CPCA Lakes

Country Place Community Association owns and maintains four lakes and members are encouraged to use them. Our dues are used to keep the dams, piers and bridges in good repair, to stock and feed the fish, and to mow the shores and areas around the lakes.

The three largest lakes are all fed by the same stream, which begins as a spring on top of the salt dome to our east. There is actually another lake in this chain owned by a farmer. The dam on that lake broke years ago and the silt that flooded downstream choked our first lake for a long time after. The suspended clay has largely settled out now, but we lost a quarter of the lake’s surface area due to the influx of dirt on the upper end. This lake is the Old Lake, or #1 in the sequence. It covers almost three acres and has produced a double-digit bass and a 26-pound high-fin blue catfish, which apparently was mixed in with the fingerling channel cats originally stocked in all our lakes.

The second lake in the chain I refer to as Bream Lake (#2) and represents an experiment in selective stocking undertaken  by former Parks & Lakes manager Jerry Jones. His idea was to replace all the existing catfish and bass in this two-and-a-quarter acre lake with copper nose bluegill to make a kid-friendly fishery. Unfortunately, there is no way to control the fingerling fish that wash down from Old Lake (#1) and only a few years later there is a healthy population of largemouth bass along with some big bluegill.

The third in the chain is Long Lake (#3) and is the largest, with almost 8 acres of surface area. It has produced a number of double-digit bass, along with big channel cats and bluegill. There is a population of crappie, although overpopulation has most of these stunted in the 4-6” size range. Still, they make for great forage for our largemouth bass.  I caught my personal best out of this lake, a 10.5 lb December bass, and know of at least one 13.5 lb fish taken here. Both bass were returned to the water.

A lot of CPCA members get their exercise walking around Long Lake. It’s a natural walking path.

Hidden Lake (#4) is located halfway down our one-mile stretch of private road, Lakeshore, and sits 170 yards back in the woods. It is the smallest of our lakes, at only nine-tenths of an acre, but it is a wonderful place to enjoy the natural beauty of Country Place

If you’re a CPCA member and have children who like to fish or want to learn how, a beginner’s rod, a float, some split-shot, panfish hooks and some worms will catch bream off any or our piers. And you never know when one of those big channel cats will show up hungry!

Morning Walks, Fall 2020

In the mornings I walk. First my dog, then I take my camera and go on a longer jaunt, about four miles. In the fall I photograph foliage; this has been a good year for catching color, and Halloween decorations.
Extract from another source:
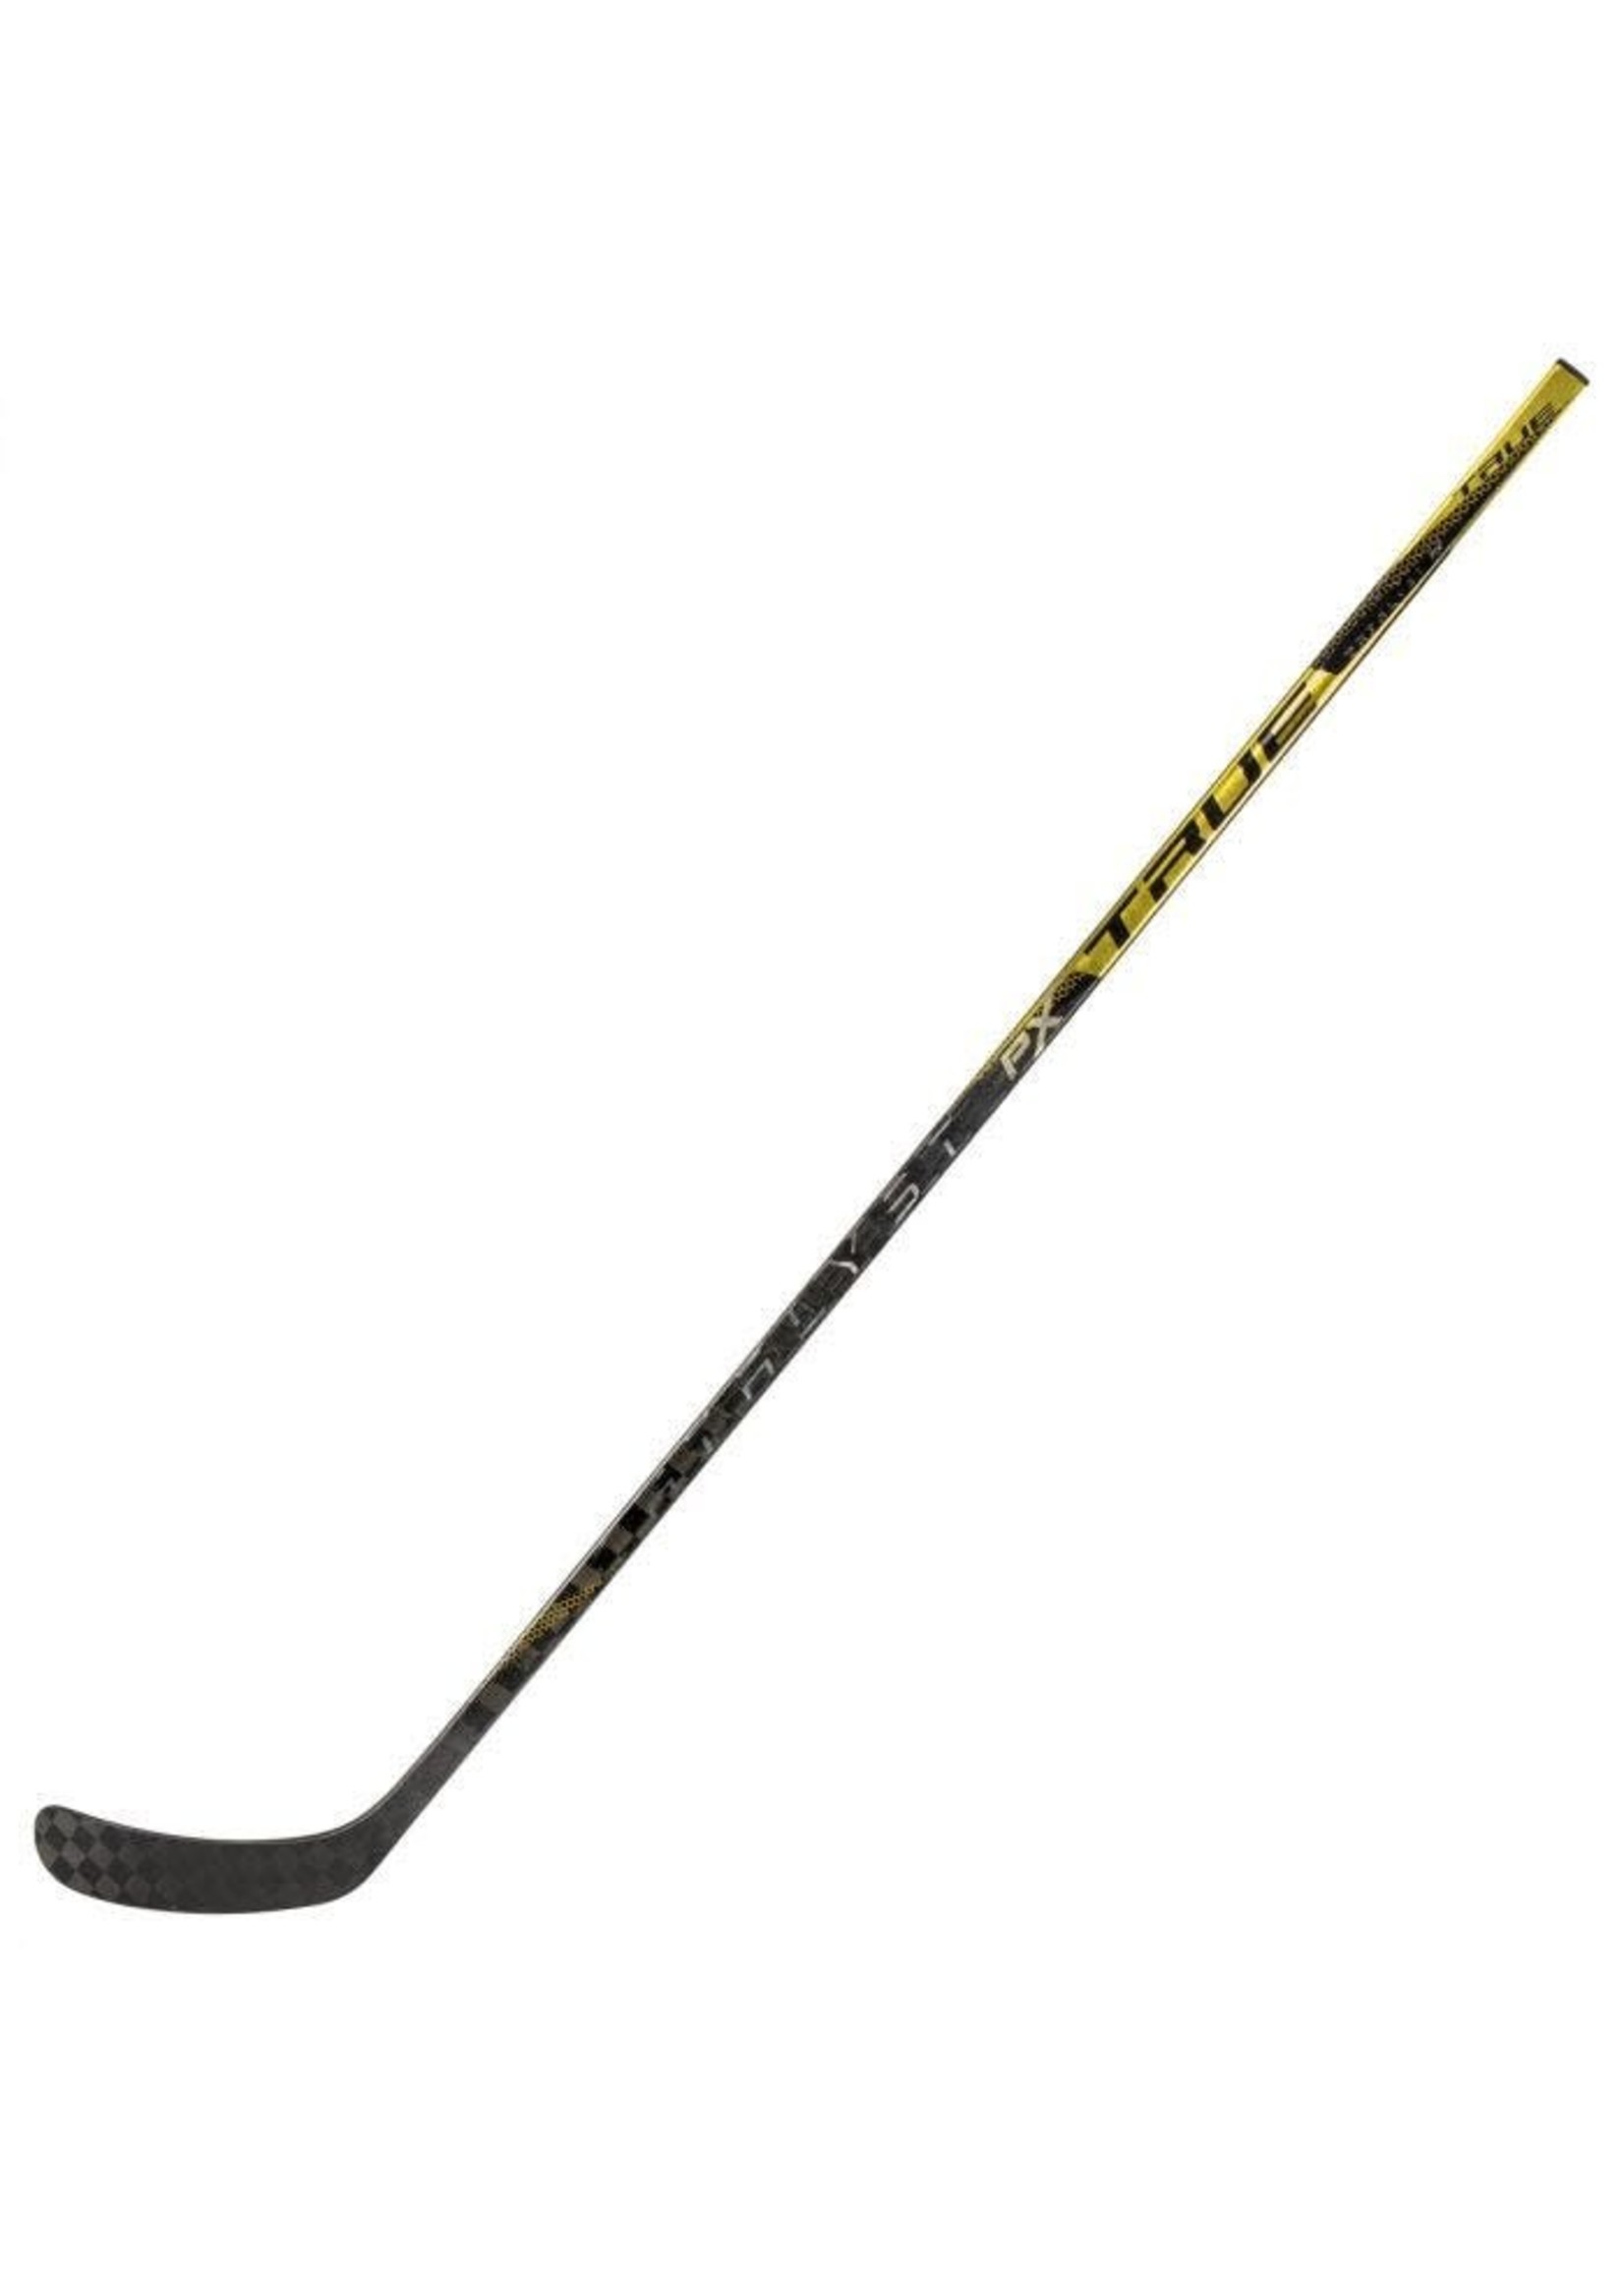 True Hockey TRUE Catalyst PX Stick - Junior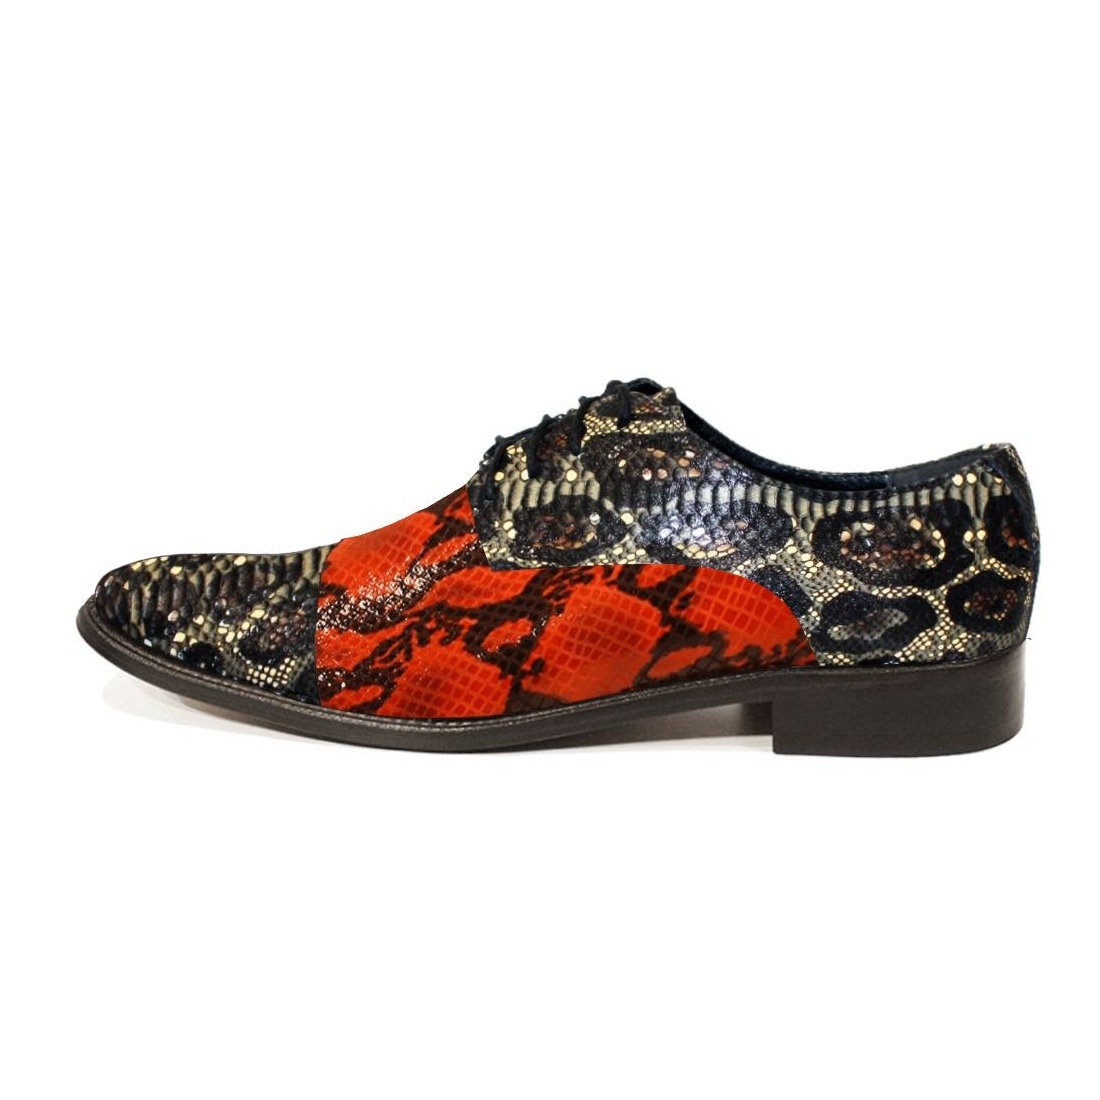 Modello Magello - Buty Klasyczne - Handmade Colorful Italian Leather Shoes

Long Lake (#3): New Footbridge

The footbridge across the dam on our Long Lake (#3) had rotted out to the point that it was becoming unsafe, so your board put it out for bid and Roman Landscaping was awarded the job. Andrew and his crew have constructed a very solid footbridge which should last another ten years.

Fish Stocking for 2018

March is fish-stocking time for the lakes. We have historically used $1500 to $2500 annually for stocking.  About eight years ago we tried tilapia and had good luck both from catching and reproduction; although they are vegetarians,  they can be caught on worms.  Their growth was unbelievable and everyone enjoyed fishing for them. We stopped stocking tilapia when we noted there was little if any reproduction being  observed.  We learned that unlike most fish the male is larger than the female.  It was felt that our producer was  selling mainly males to us so we quit stocking tilapia.

We are now getting our stock from Overton Fisheries in Buffalo, TX.  He is raising his own now so it is time to give them another try.  Tilapia are warm water fish and require temperature above 52 degrees to survive, thus the reason for April stocking.  The other fish need to be stocked around mid-March.

You will note that  fathead minnows are being stocked in all lakes, since they are the recommended  forage for all fish. Even the coppernose beam will eat those minnows because they are small.

Bream Lake (#2) should produce some trophy size coppernose this year since they were stocked in March 2015 and it is reported that they will grow to 2 lbs in 3 ½ years on feed.

We plan to add some breeding platforms for the flatheads.  Maybe something like the plastic shopping carts with small holes that will keep larger fish out.  If anyone has an idea for this, please let me know.

Looking forward to another good fishing season, since the lakes are full now and will be well-stocked.